Genotoxicity assessment of mouse oocytes by comet assay before vitrification and after warming with three vitrification protocols
Vitrification protocols containing 1,2-propanediol induced significant DNA damage on mouse oocytes before cooling and after warming.
A. Berthelot-Ricou, M.D., J. Perrin M.D., Ph.D., C. Di Giorgio, Ph.D., M. De Meo, Ph.D., A. Botta, M.D., Pharm.D., Ph.D., B. Courbiere, M.D., Ph.D.
Volume 100, Issue 3, Pages 882-888, September 2013
To assess the genotoxicity of three oocyte vitrification protocols.
Biogenotoxicology research laboratory.
CD1 female mice.
Three mouse oocyte groups were exposed to three commercialized human oocyte vitrification protocols. Protocols 1 and 2 contained dimethyl sulfoxide and ethylene glycol (EG), and protocol 3 contained EG and 1,2-propanediol (PrOH). DNA damage was first evaluated by comet assay after oocyte exposure to the three different equilibration and vitrification solutions. Comet assay was also performed after full vitrification and warming procedure and compared with a negative control group (oocytes stored in medium culture only) and a positive control group (oocytes exposed to hydrogen peroxide just before comet assay).
Main Outcome Measure(s):
DNA damage was quantified as Olive tail moment (OTM).

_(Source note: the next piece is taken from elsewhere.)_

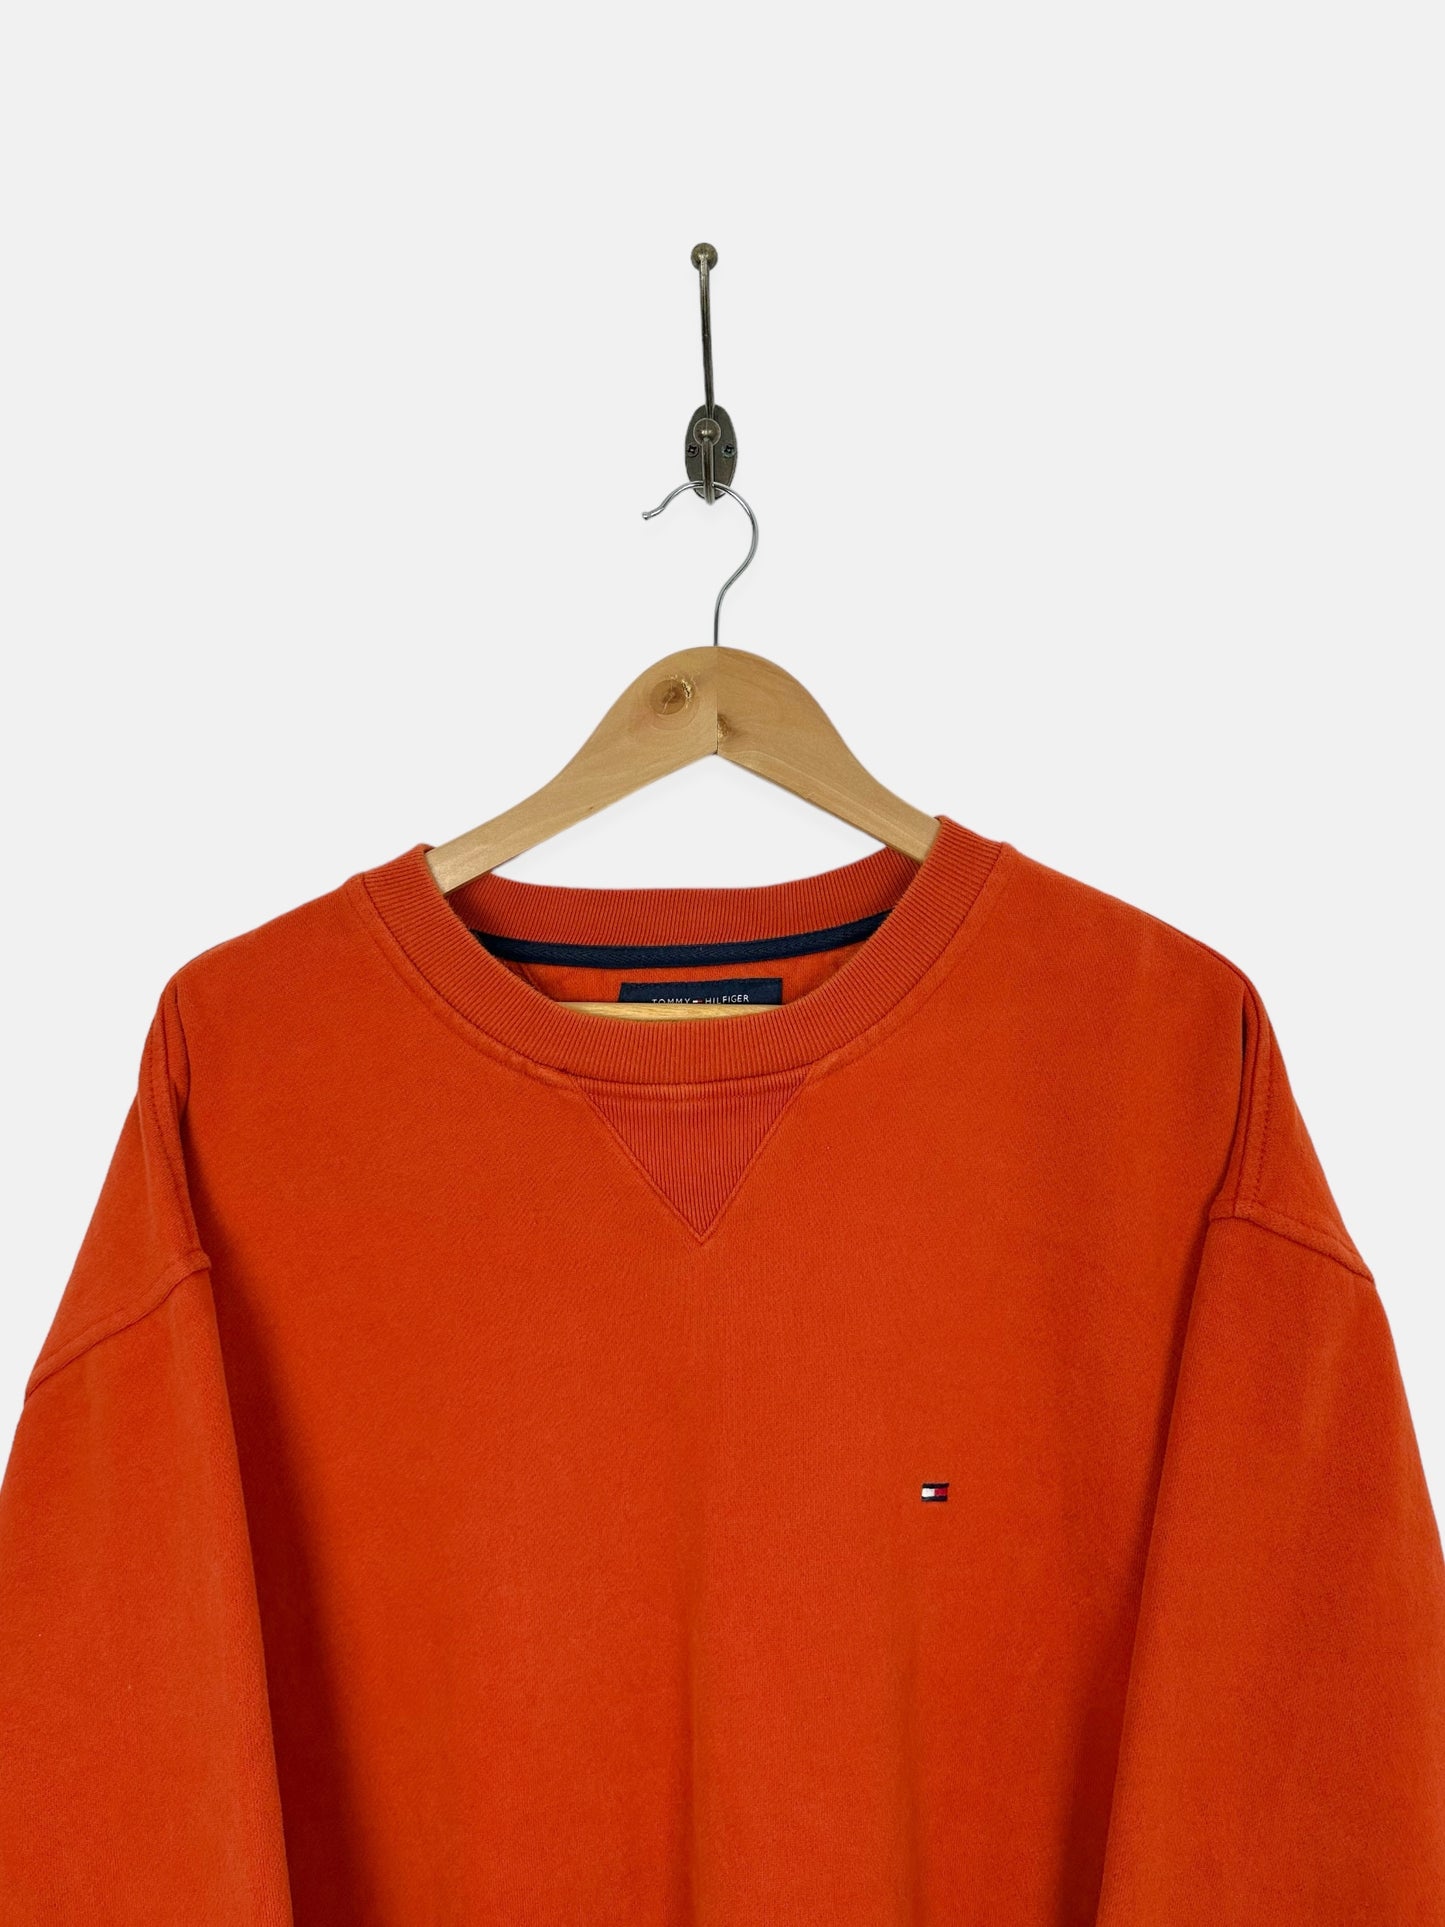 90's Tommy Hilfiger Embroidered Vintage Sweatshirt Size L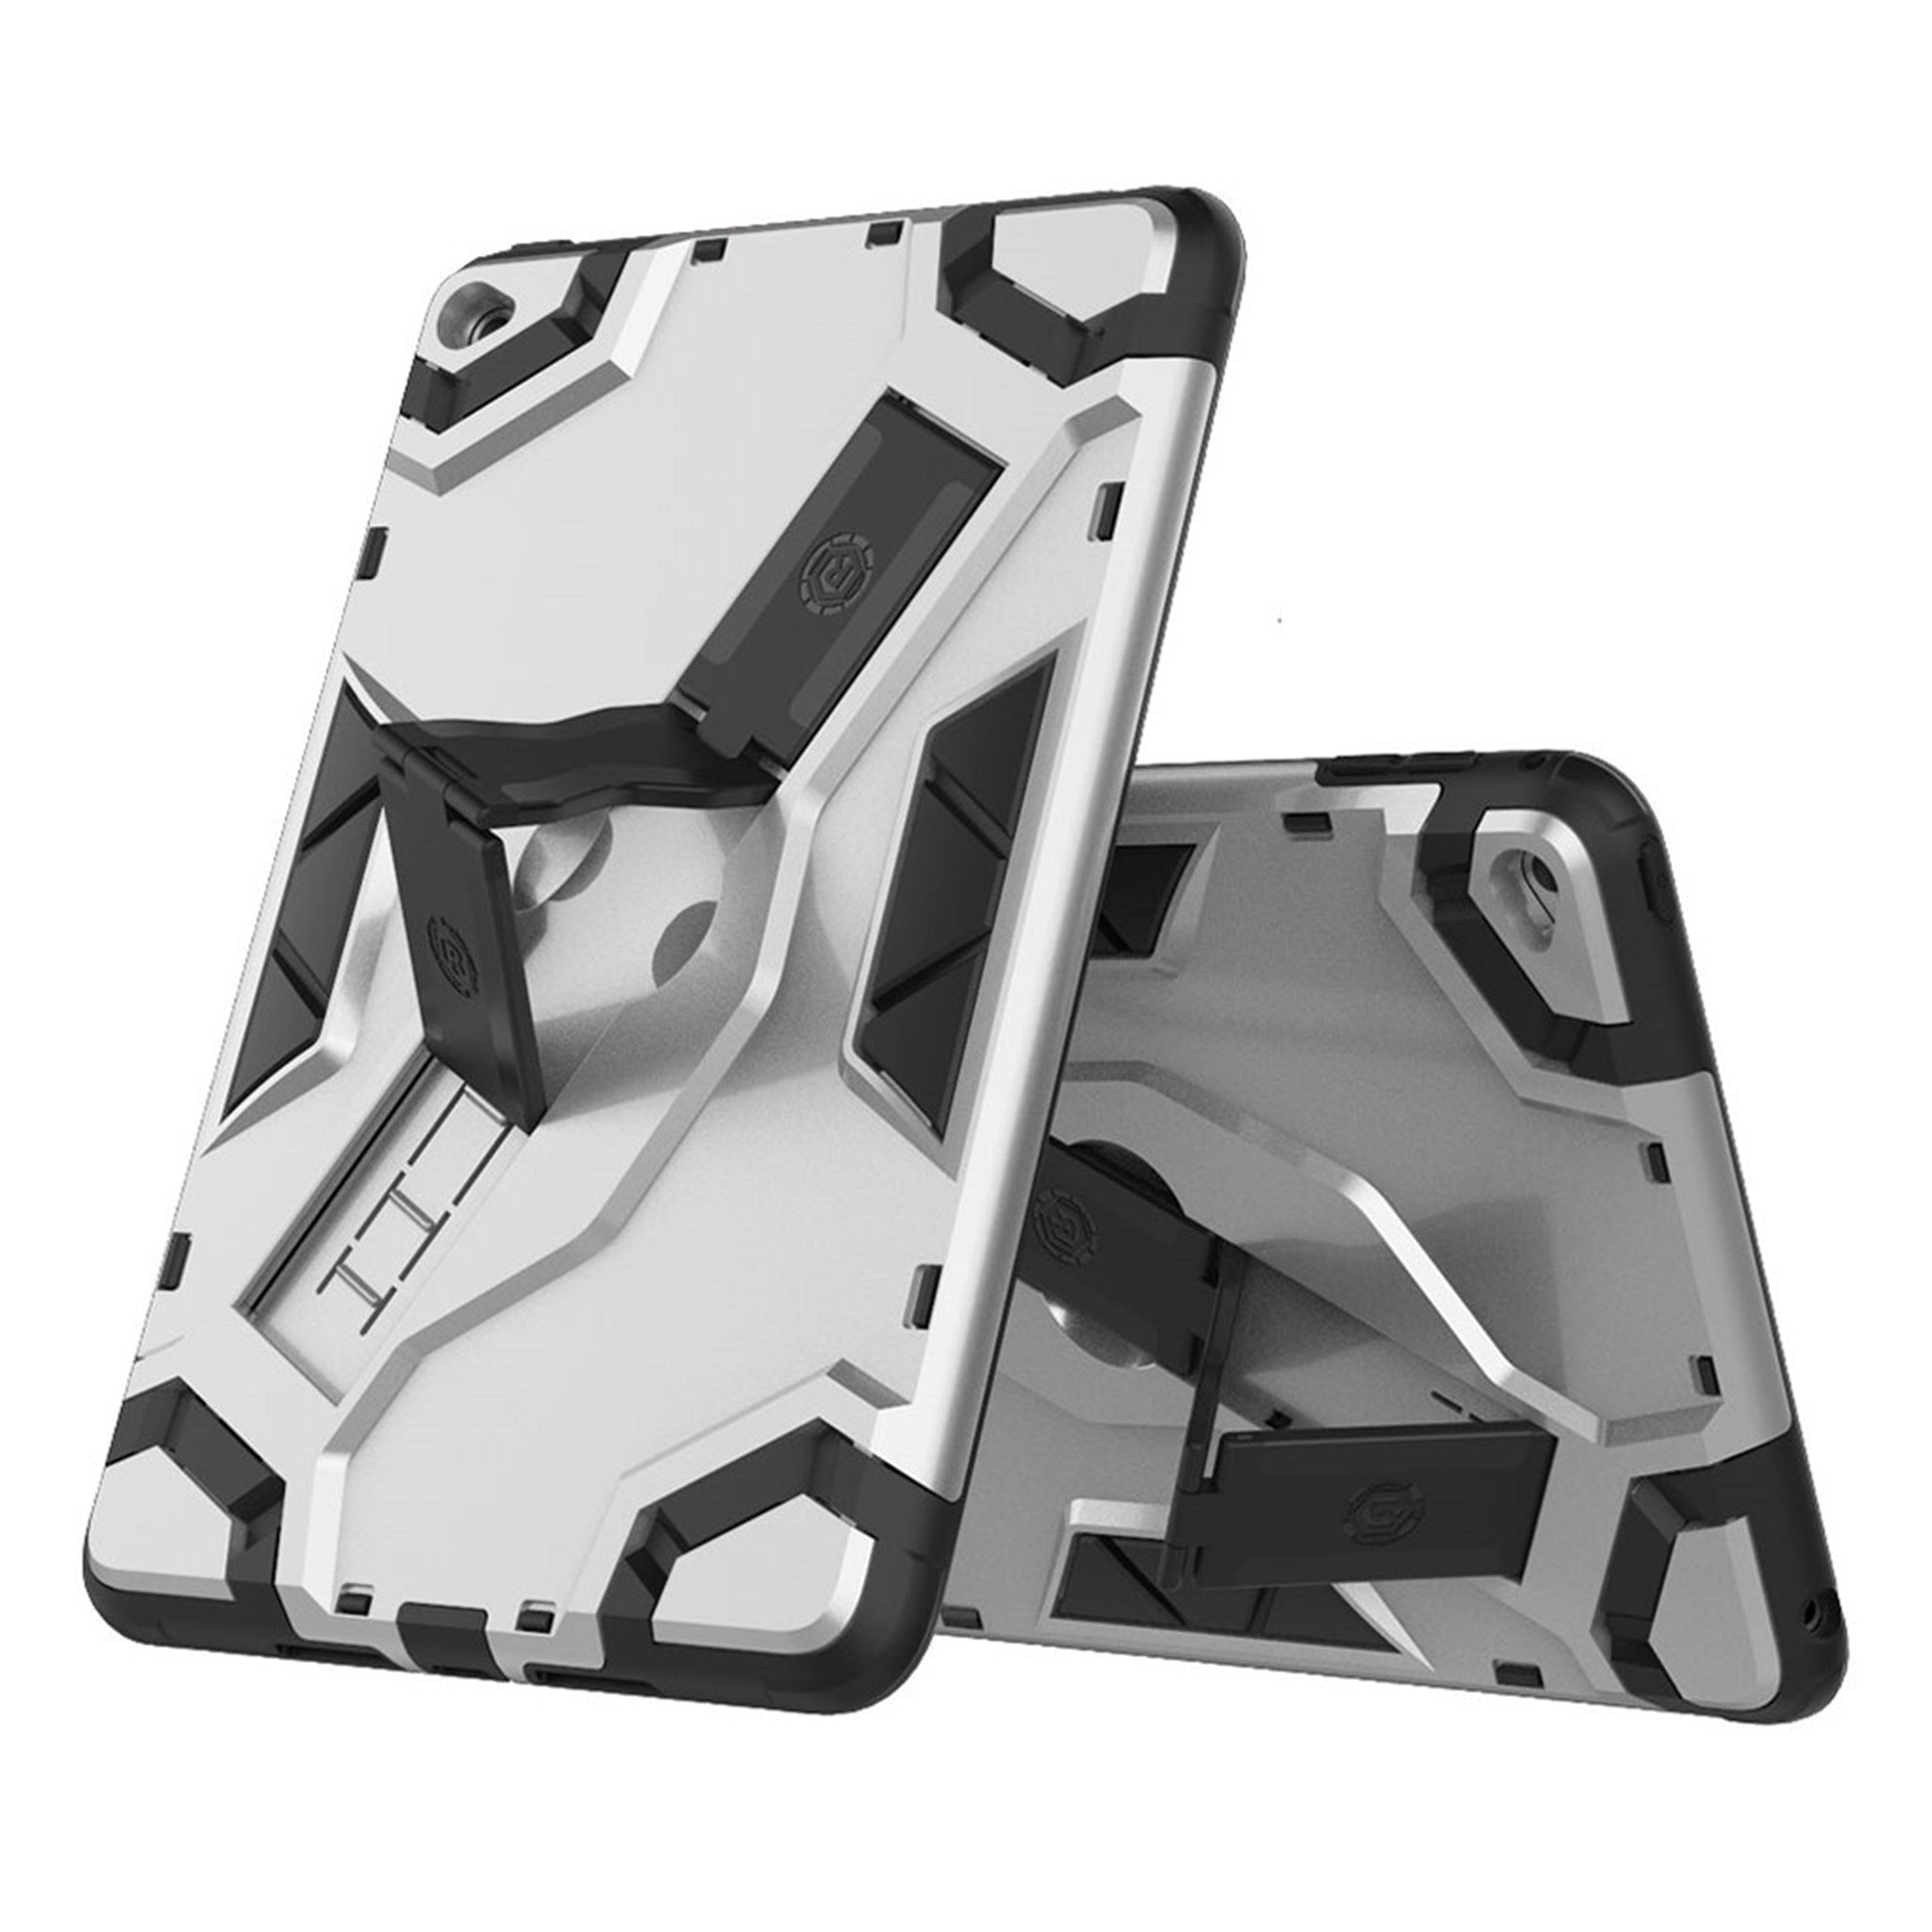 iPad Mini (2019) shield style shockproof case - Silver

Statistical analysis consisted of a Shapiro-Wilk test. Then, median protocol OTM was compared with the negative control group with the Mann-Whitney U test. The difference was considered to be statistically significant if the P value was <.05. Result(s):
In both parts of our study, protocols 1 and 2 did not induce significant DNA damage, whereas protocol 3 induced statistically higher DNA damage compared with the negative control group.
Vitrification protocols containing PrOH induced significant DNA damage on mouse oocytes, both before cooling and after warming. Therefore, for the moment, we prefer vitrification techniques without PrOH while we await more studies on PrOH toxicity and long-term evaluation.